On one hand, it’s an enormous reach driver and belongs in almost every media plan. On the other hand, there are legitimate questions around efficiency and attention.

Note: we’re talking about YouTube, not YouTube TV. We covered YouTube TV in Impressions to Ballots #16

What’s the bull case for YouTube?

1. Massive Reach Driver

YouTube should be included in almost all political media plans. Full stop.

It’s one of the largest reach platforms available to political advertisers today.

2. Reach across age groups

  • 70% of adults 55–64 are now reachable on YouTube

  • 54% of adults 65+ are reachable today, up from 32% in 2018

3. Most time spent on the TV screen

YouTube has a deep ecosystem of content that clearly attracts viewers and keeps them engaged.

What is the bear case for YouTube?

1. Targeting limitations

Political advertisers are restricted to:

  • Age

  • Gender

  • Geography

  • Contextual targeting

Audience targeting is not allowed.

That means campaigns will inevitably waste budget by serving impressions to people who will never vote or who would never vote for their candidate. This lowers the cost efficiency compared to highly targetable environments like CTV.

2. Attention variability

Attention on YouTube varies dramatically.

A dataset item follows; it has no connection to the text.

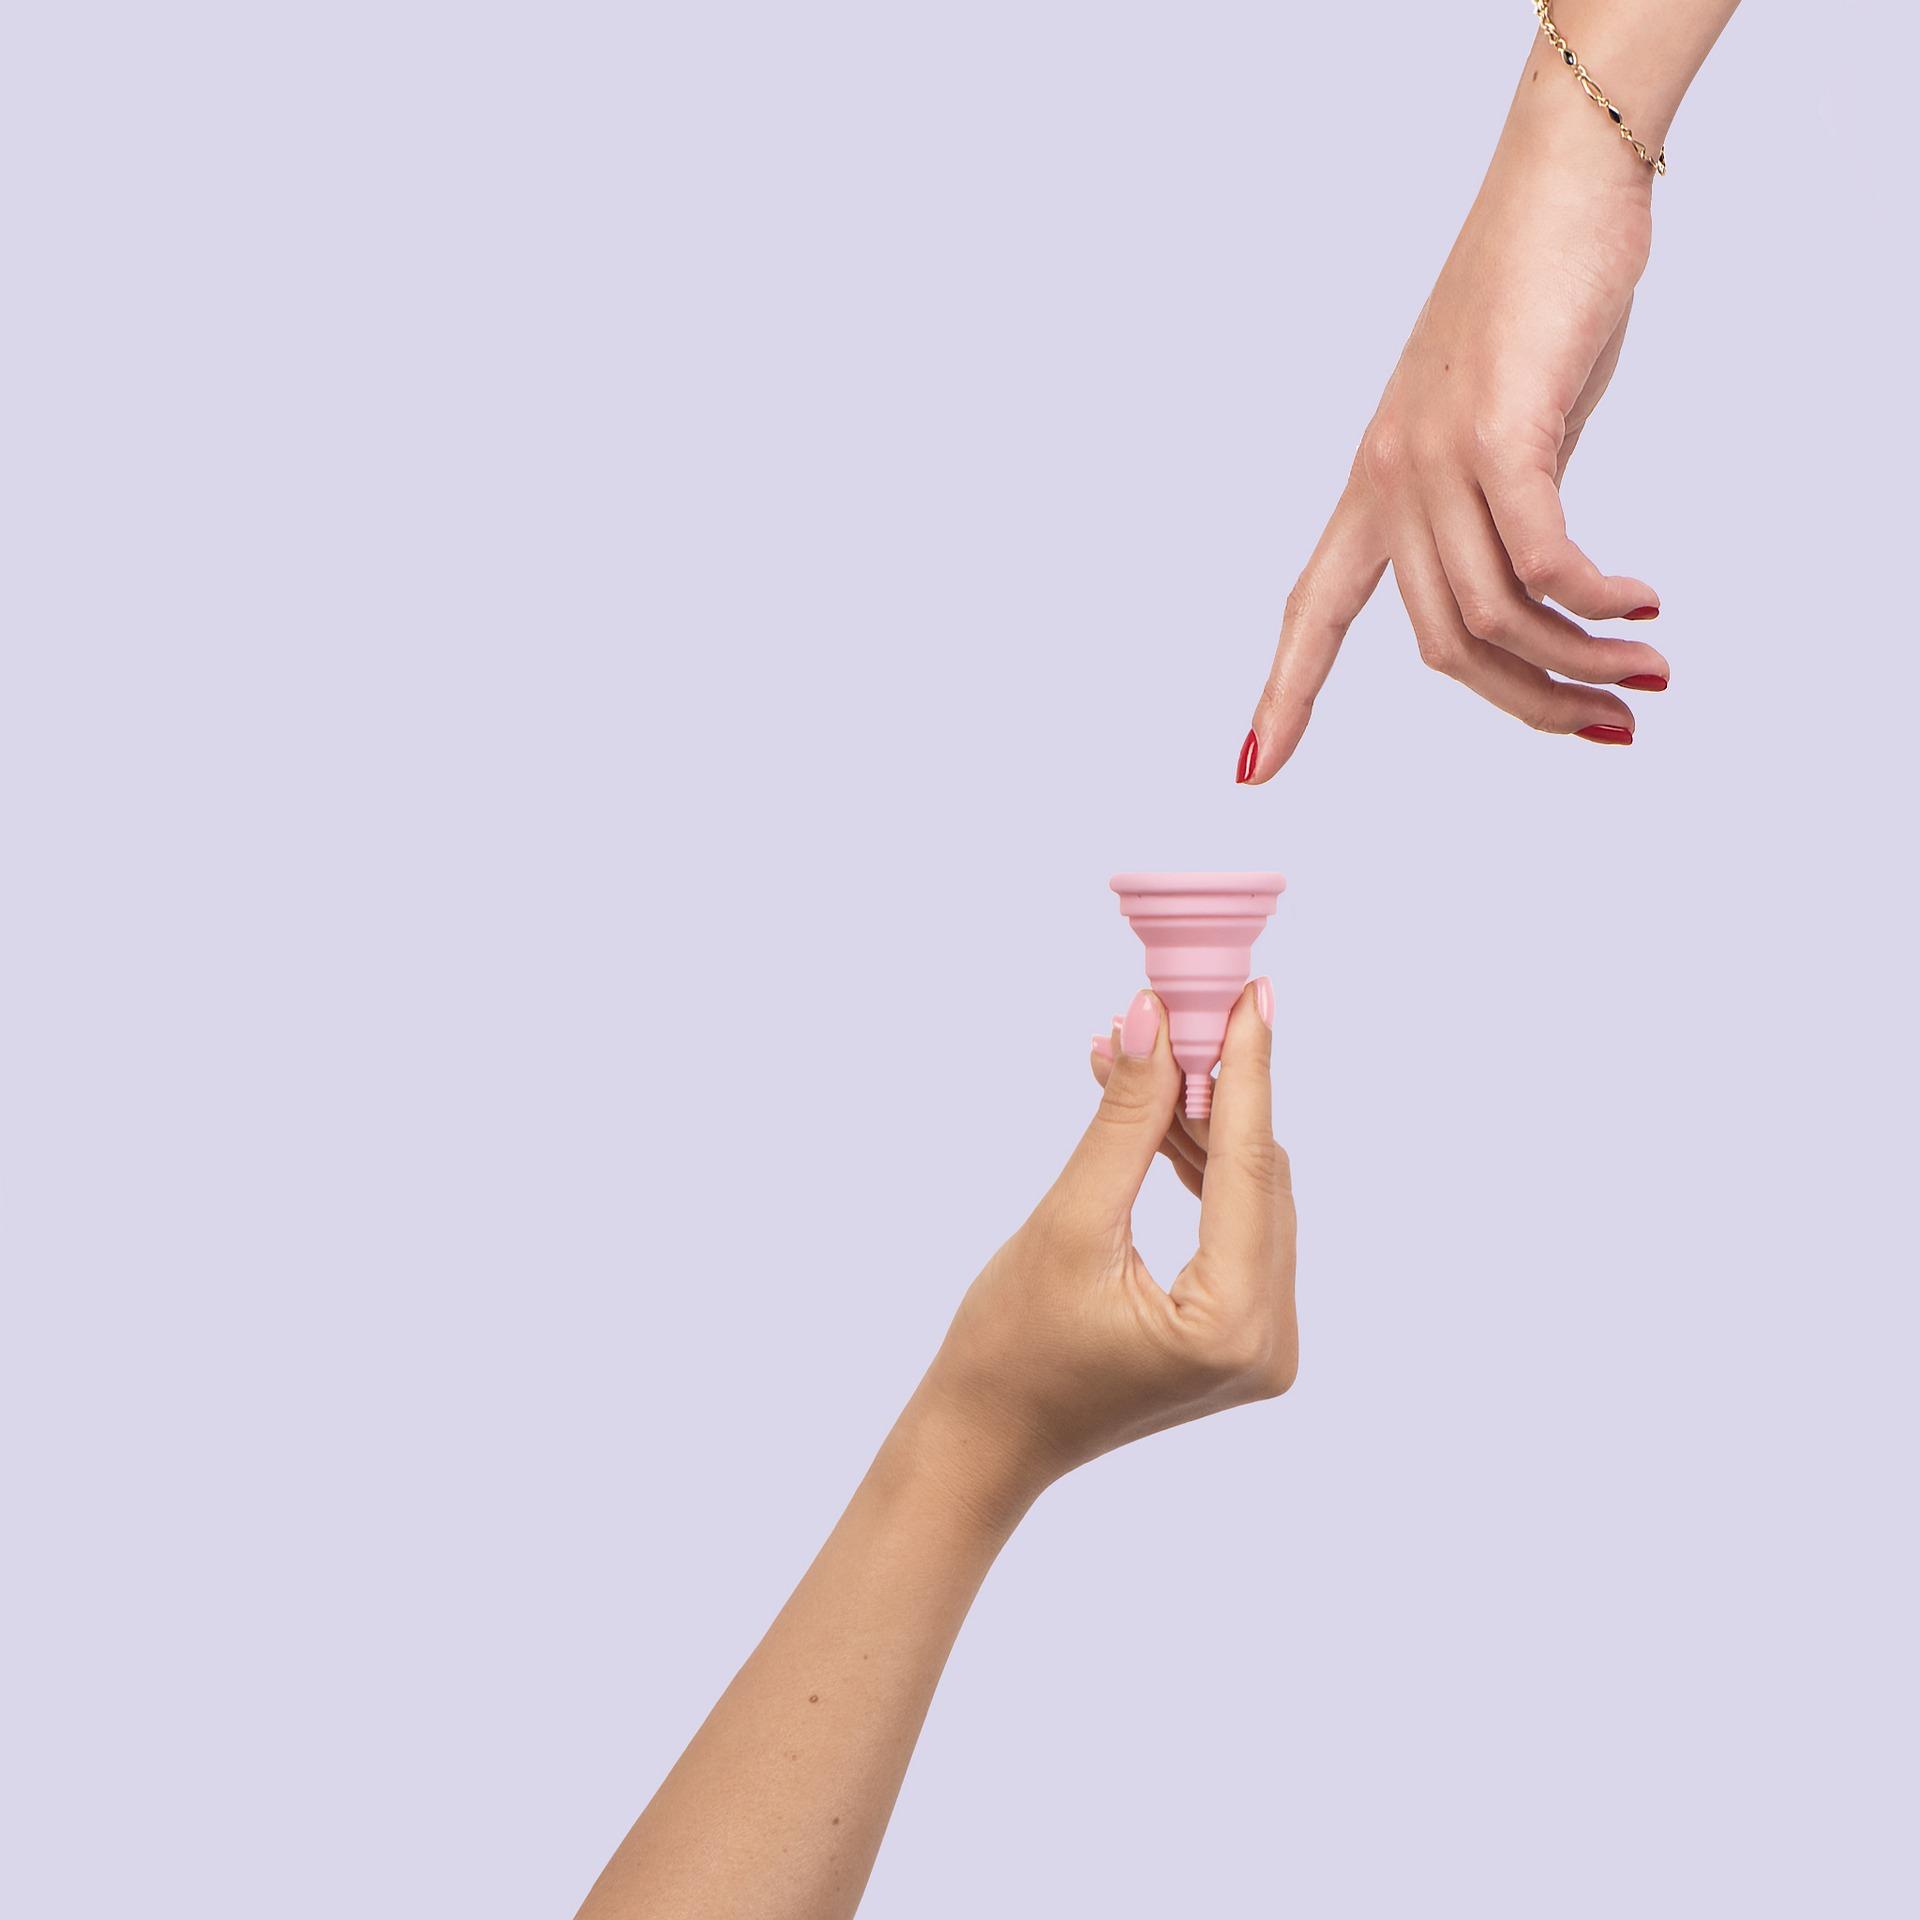 come parlare di mestruazioni

The platform contains an enormous range of content types, screen environments, and viewer behaviors. That variability leads to significant differences in attention and ad engagement.

In a recent statewide campaign we ran for a month, our YouTube ads were shown across 480K channels. YouTube is long-tail.

Analysis by TVision shows that across all dayparts, viewers pay more active attention to streaming apps than YouTube.

3. Lack of Measurement

YouTube operates as a walled garden. It’s difficult to answer basic questions, such as who was reached across platforms and how often.

Google provides strong in-platform reporting, but it doesn’t reconcile cleanly with streaming or linear.

YouTube can deliver scale, but it is harder to measure who you reached and how effective that spend was compared to more transparent environments.

Where does YouTube Premium fit?

This is something to watch over the next few years. The shift to digital and streaming viewership has given voters more options to pay to avoid ads.

YouTube Premium is Google’s answer to this demand. For $7.99 a month, you can remove most ads; for $13.99, they are all gone.

US subscribers have tripled since 2020. If this growth continues, YouTube’s ad reach will fall even if time spent on the platform continues to climb.

What does this mean for political advertisers?

  • YouTube is a reach driver. It has to be included in almost all political media plans. It is a massive driver of reach and viewership.

  • Expect waste. Limited targeting means you will hit voters outside your audience. That’s the tradeoff for scale. Budget accordingly.